Wednesday, May 28, 2008
18 Things We've Learned From Watching Indiana Jones
Thanks to the guys over at The Bachelor Guy for this comforting list
1 - If you throw a whip over any type of overhang, it will stick on the first shot and hold your body weight.
2 - Nazis are bad.
3 - Germans are really up on their biblical history.
4 - Egyptians are surprisingly good sidekicks... and a lot more helpful than little Asian kids.
5 - Always have a monkey around to eat the fruit before you do.
6 - Revolvers always beat swords.
7 - Airplane propellers beat revolvers.
8 - A solid gold statue weighs as much as two handfuls of sand.

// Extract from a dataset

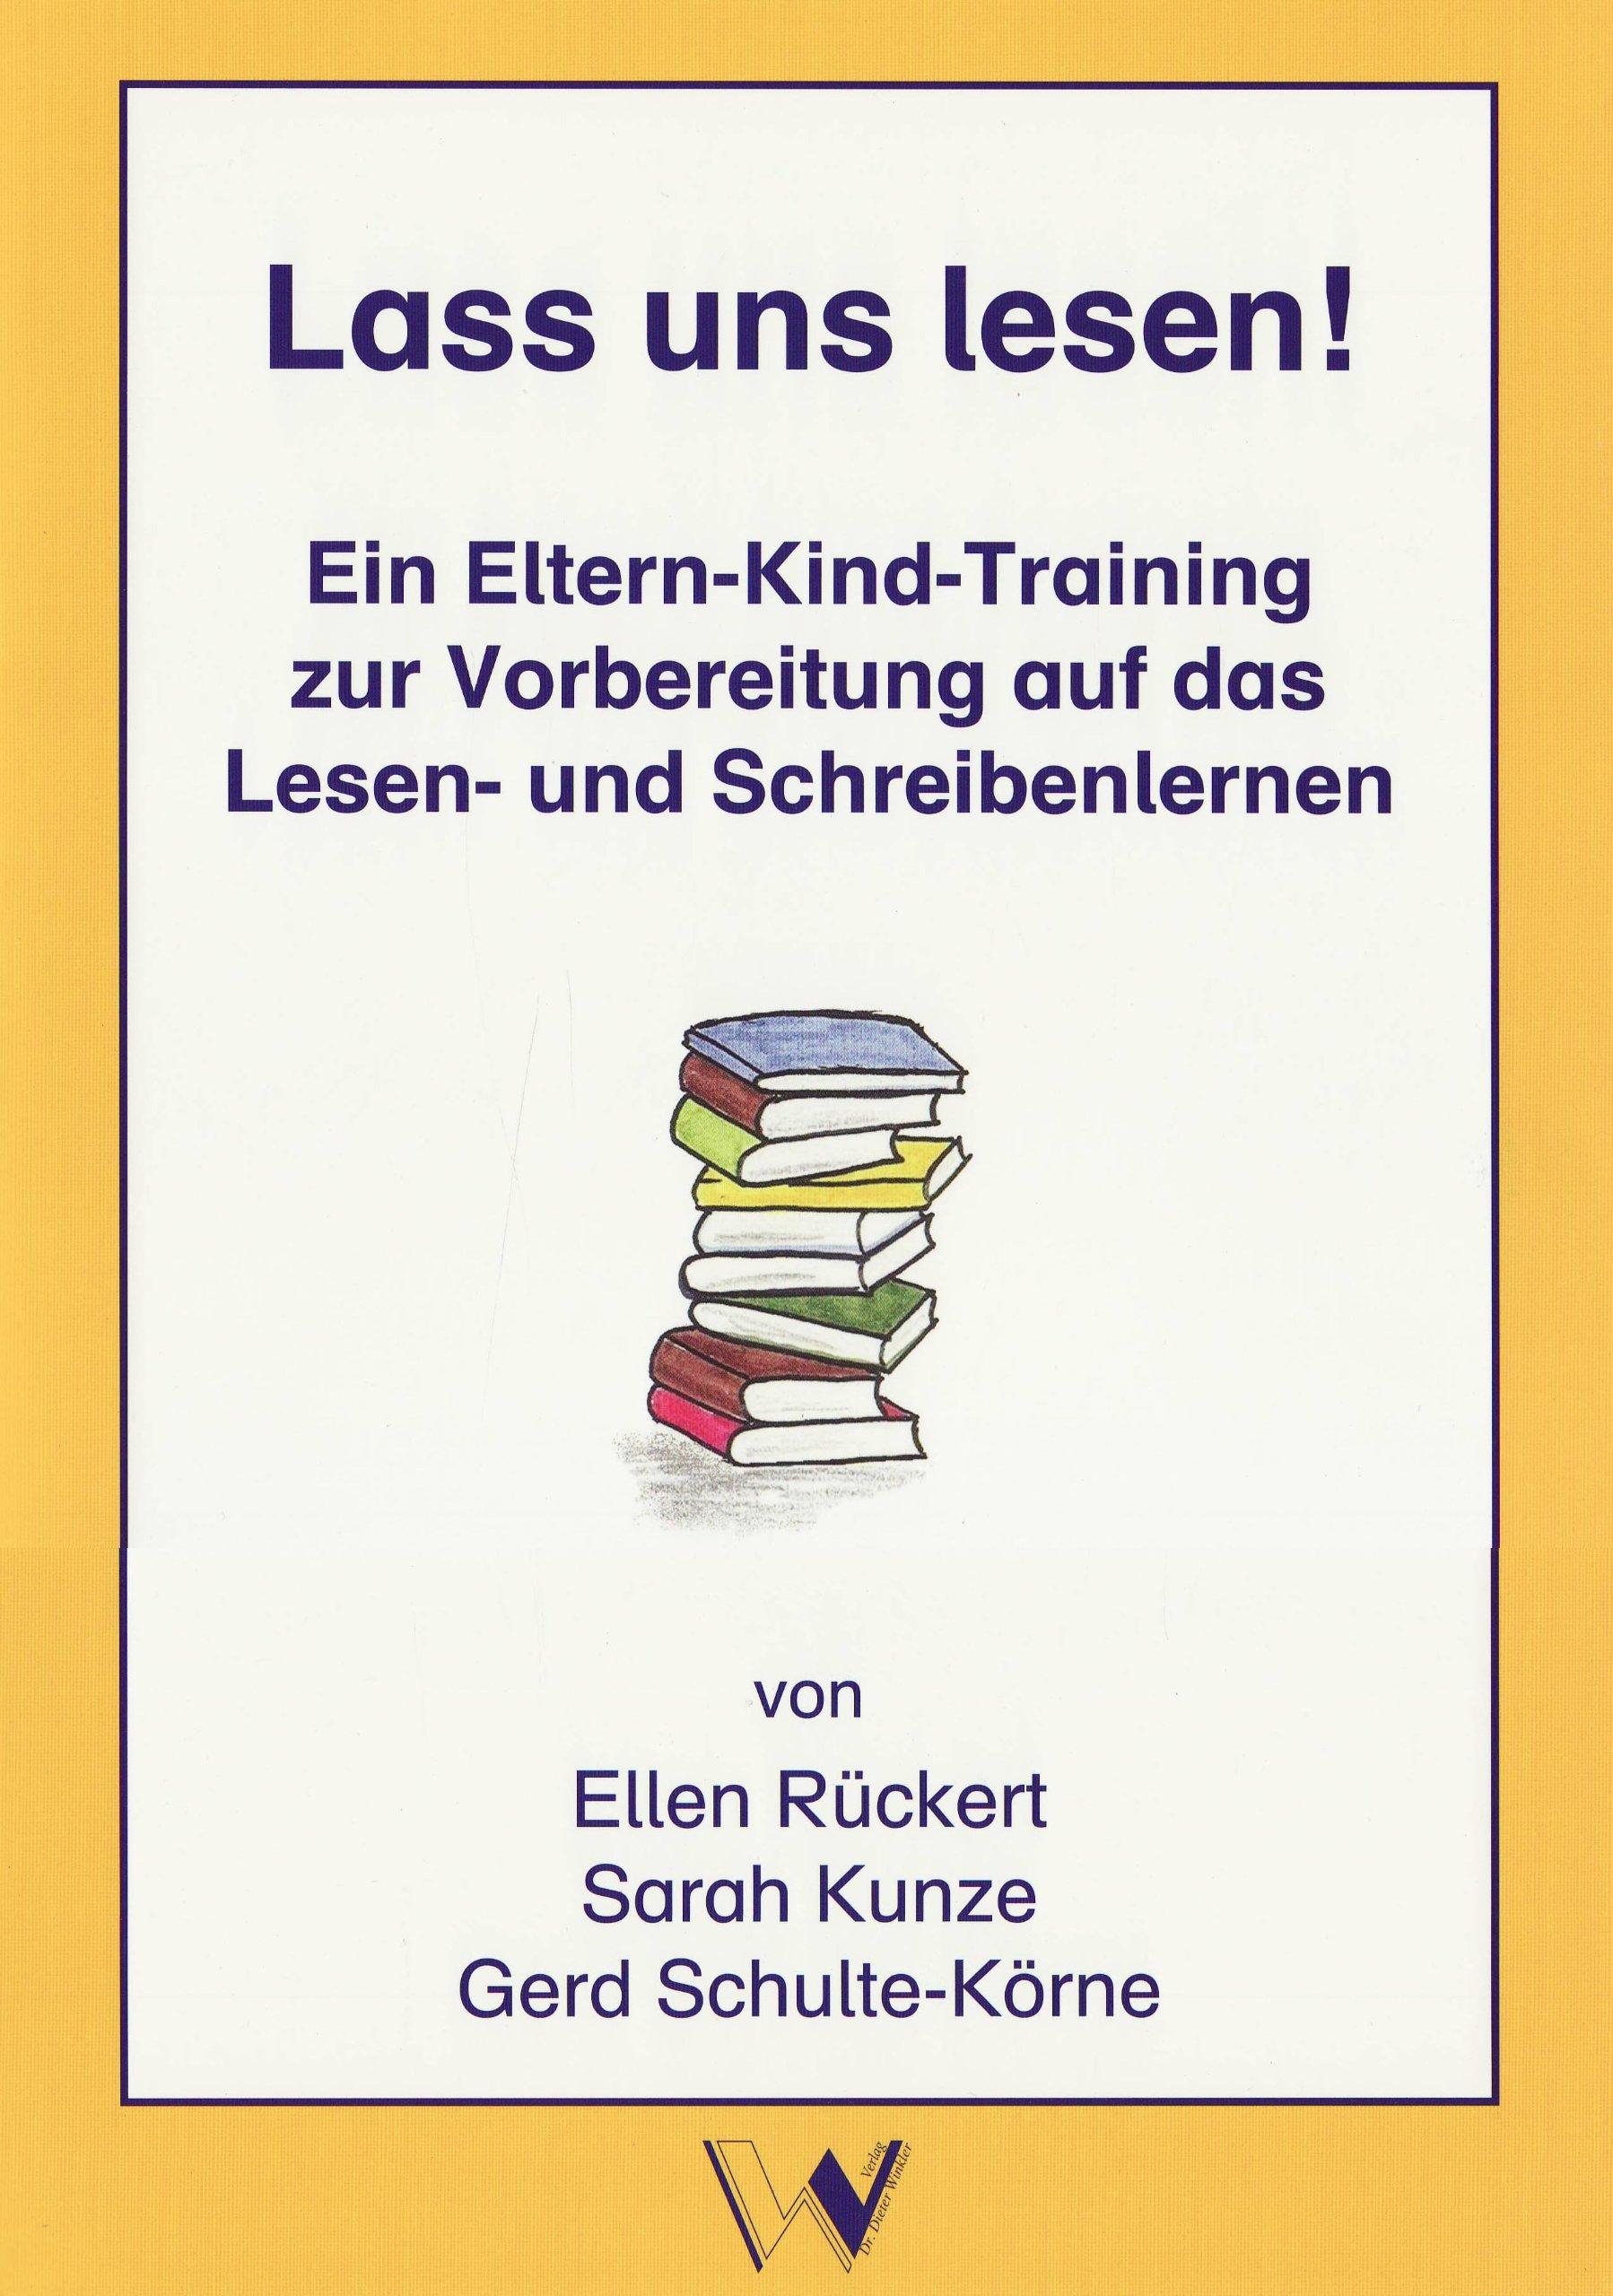 Lass uns lesen!: Ein Eltern-Kind-Training zur Vorbereitung auf das Lesen- und Schreibenlernen

9 - If you are at a party and someone says "Hey, let’s open up the Ark of the Covenant ," get the hell out of there.
10 - Never leave your hat behind. Ever.
11 - Never look down.
12 - Monkey brains and Jell-O are nearly interchangeable.
13 - Spiders are okay. Rats? No problem. But snakes...
14 - X really does mark the spot.
15 - There's always another way out.
16 - Jesus had lousy taste in drinkware.
17 - Metal Medallion + Open Flame = Cool Looking Hand Scar.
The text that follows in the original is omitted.